Commit now starts with this definiton.

>
> > behavior for correct operation.
> >
> > Add a global integer "snc_nodes_per_l3_cache" that will show how many
> > SNC nodes share each L3 cache. When this is "1", SNC mode is either
> > not implemented, or not enabled.
> >
> > A later patch will detect SNC mode and set snc_nodes_per_l3_cache to
> > the appropriate value. For now it remains at the default "1" to
> > indicate SNC mode is not active.
> >
> > Code that needs to take action when SNC is enabled is:
> > 1) The number of logical RMIDs available for use is the number of
> > physical RMIDs divided by the number of SNC nodes.
>
> Could this maybe be "... number of SNC nodes per L3 cache" to be
> specific? Even so, this jumps into supporting logical RMIDs and
> physical RMIDs without introducing what logical vs physical means.
> Is this something that can be added to the intro of this commit message?

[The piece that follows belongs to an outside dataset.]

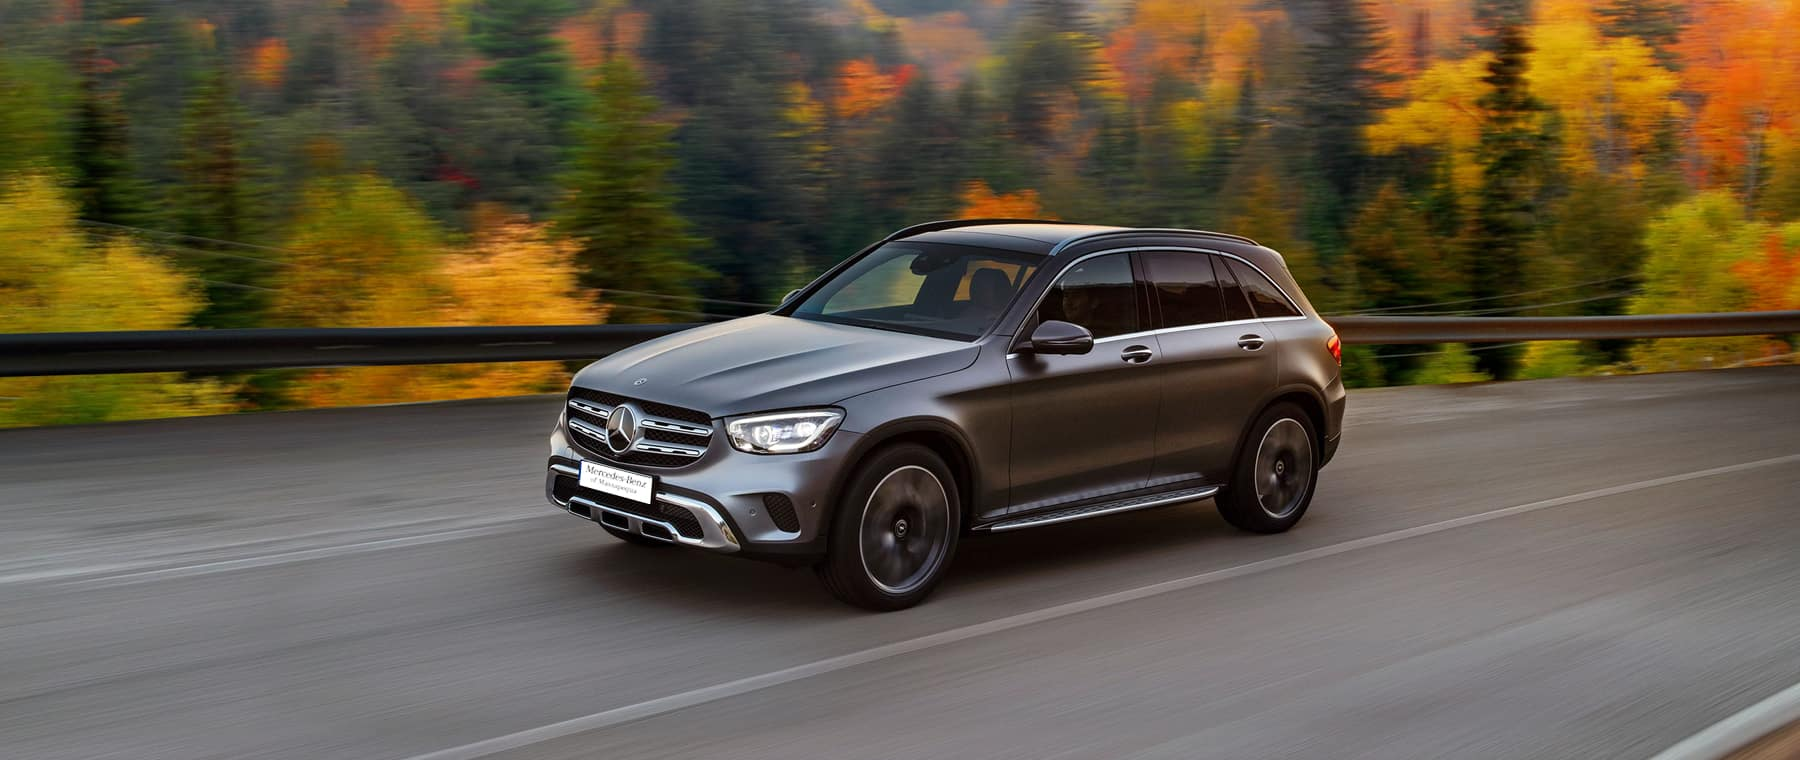 Mercedes-Benz of Massapequa | Luxury Auto Dealership

Added that to be specific. Also added more preamble text to set
up context.

>
> > 2) Likewise the "mon_scale" value must be adjusted for the number
> > of SNC nodes.
> > 3) When reading an RMID counter code must adjust from the logical
> > RMID used to the physical RMID value that must be loaded into
> > the IA32_QM_EVTSEL MSR.
> > 4) The L3 cache is divided between the SNC nodes. So the value
> > reported in the resctrl "size" file is adjusted.
> > 5) The "-o mba_MBps" mount option must be disabled in SNC mode
> > because the monitoring is being done per SNC node, while the
> > bandwidth allocation is still done at the L3 cache scope.
>
> This motivation for disabling is not clear to me. Why is only
> mba_MBps impacted? MBA is also at the L3 scope and it is not
> disabled. Neither is cache allocation that remains at L3
> scope with its monitoring moving to node scope.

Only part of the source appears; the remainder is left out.